Zebra mussels are considered one of the most worrisome freshwater invasive species. Fresh- and saltwater environments native to the Caspian and Black Seas are now widely distributed throughout the Northern Hemisphere. Zebra mussels compete with most native invertebrates for space and food resources, resulting in a decrease in biodiversity, density and biomass, and it alters entire ecosystems through efficient suspended predation behavior.
In the case of reduced phytoplankton, zooplankton and organic matter, the transparency and light permeability of the water body will increase. So zebra mussel invasions can have a huge impact on zooplankton and fish production.
Studies have shown that the key carbon isotope ratio (δ13C) of native fish increases after the invasion of zebra mussels, while the trend of nitrogen isotope ratio (δ15N) is not clear, and the nitrogen isotope ratio generally decreases in most lakes. This result supports the theory of energy path changes in the food chain of lakes after the invasion of zebra mussels.
«——[Sampling and testing methods of isotopes.] ——»
1. Lake Constance fish sampling
Lake Constance is located between Austria, Germany and Switzerland and is part of the Rhine River basin (see Figure 1). The lake has a total area of 536 square kilometers, including 472 square kilometers of the large, deep and scarce resource Lake Constance Upper Bourstance and 63 square kilometers of the smaller, resource-rich Lower Lake Constance. Between 1990 and 2010, the lake underwent several captivity processes and its fish community included at least 30 species, about 10 of which were targeted by fisheries. Among these target species, whitefish is the one with the highest economic value.
Figure 1.Location of Lake Constance in Europe (left, black square) and location of Upper and Lower Lake Constance (right).
This study mainly investigated fish from different fishing areas, including zooplankton, white trout, benthic whitefish, carp and zooplankton from Lake Constance, benthic whitefish, herbivorous red fish, and barracuda common to both lakes, and a total of 2020 white muscle tissue samples were collected.

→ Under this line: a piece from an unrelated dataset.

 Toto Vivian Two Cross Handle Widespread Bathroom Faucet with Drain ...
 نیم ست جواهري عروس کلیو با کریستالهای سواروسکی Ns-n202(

2. Fish isotope extraction
They are first freeze-dried at -50 °C and subjected to pressure treatment. A mixing mill is then used to grind the sample into a homogeneous powder. The sample powder (0.3-0.4 mg) is weighed into a tin capsule and burned in an isotope ratio mass spectrometer. The combustion process is connected to the mass spectrometer interface via an elemental analyzer.
3. Statistical analysis
Use piecewise least squares linear regression, also known as "breakpoint analysis", to study trends in stable isotope ratios in white trout over time. The aim is to identify potential breakpoints in δ15N and δ13C and test their relationship to ULC settling time. Set the statistical significance of the breakpoint to P<0.05 and test with the appropriate confidence interval.
«——[Analysis of isotope test results.] ——»
1. Analysis of the proportion of fish predation
Of the two lakes, zebra mussels have the highest weight ratio in the digestive tract of catfish, for which the other food groups are relatively less important. For carps, snails are more important than mussels, accounting for almost 60% of all prey. Carp feed more on snails and other benthic macroinvertebrates, not zebra mussels.
For benthic whitefish in the two lakes, the most abundant food group in the digestive tract is benthic macroinvertebrates, especially lateral vertebrates, while whitefish have a diet dominated by insect larvae. Breams feed only on zooplankton, red fish on aquatic plants, and pikes feed only on fish (Table 1).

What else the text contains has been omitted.